For the guy that bought a vintage amp without looking under the hood...that's just silly. I believe most used gear is on consignment, so I don't think they service before they sell. If you play it and it sounds good you buy it. If it sounds bad you don't. Just like anywhere.
i prefer to support the little guy. 
IMHO


----------



## Scotty (Jan 30, 2013)

pauledc said:


> Yep never had a problem.
> For the guy that bought a vintage amp without looking under the hood...that's just silly. I believe most used gear is on consignment, so I don't think they service before they sell. If you play it and it sounds good you buy it. If it sounds bad you don't. Just like anywhere.
> i prefer to support the little guy.
> IMHO


I do too, though only from ones with rock solid reputations. No reputation? small deals only to build trust and only after homework. Bad rep? NO deals ever.

This is in anything I do, not just guitar gear

Shop owners need to realize that word of mouth and reviews can make you or break you depending on your actions.

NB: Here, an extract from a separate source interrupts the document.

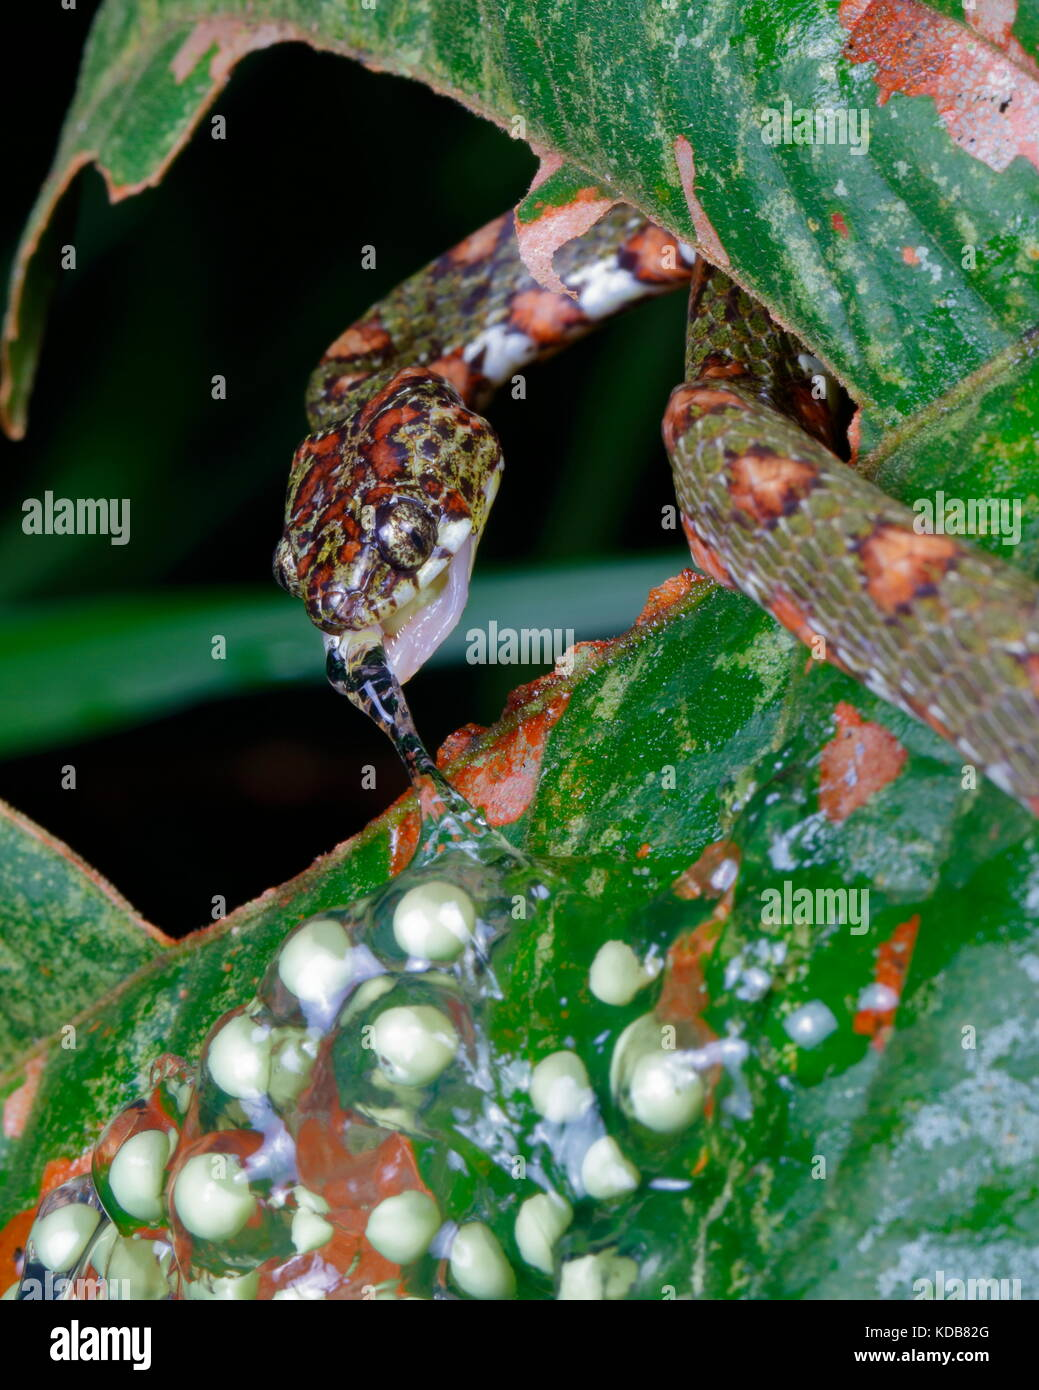 Una lumaca Argus ventosa, Sibon argus, alimentando su red eyed raganella uova. Immagini Stock

ESPECIALLY if your competition is the big dogs in town.


----------



## pauledc (Mar 4, 2013)

I think the biggest competition would be kijiji?


----------



## Scotty (Jan 30, 2013)

pauledc said:


> I think the biggest competition would be kijiji?


Perhaps for _some_ who buy used, but many people don't like buying used from individuals for varying reasons 

And kijiji does not offer a line of new guitars, set ups, repairs etc...


----------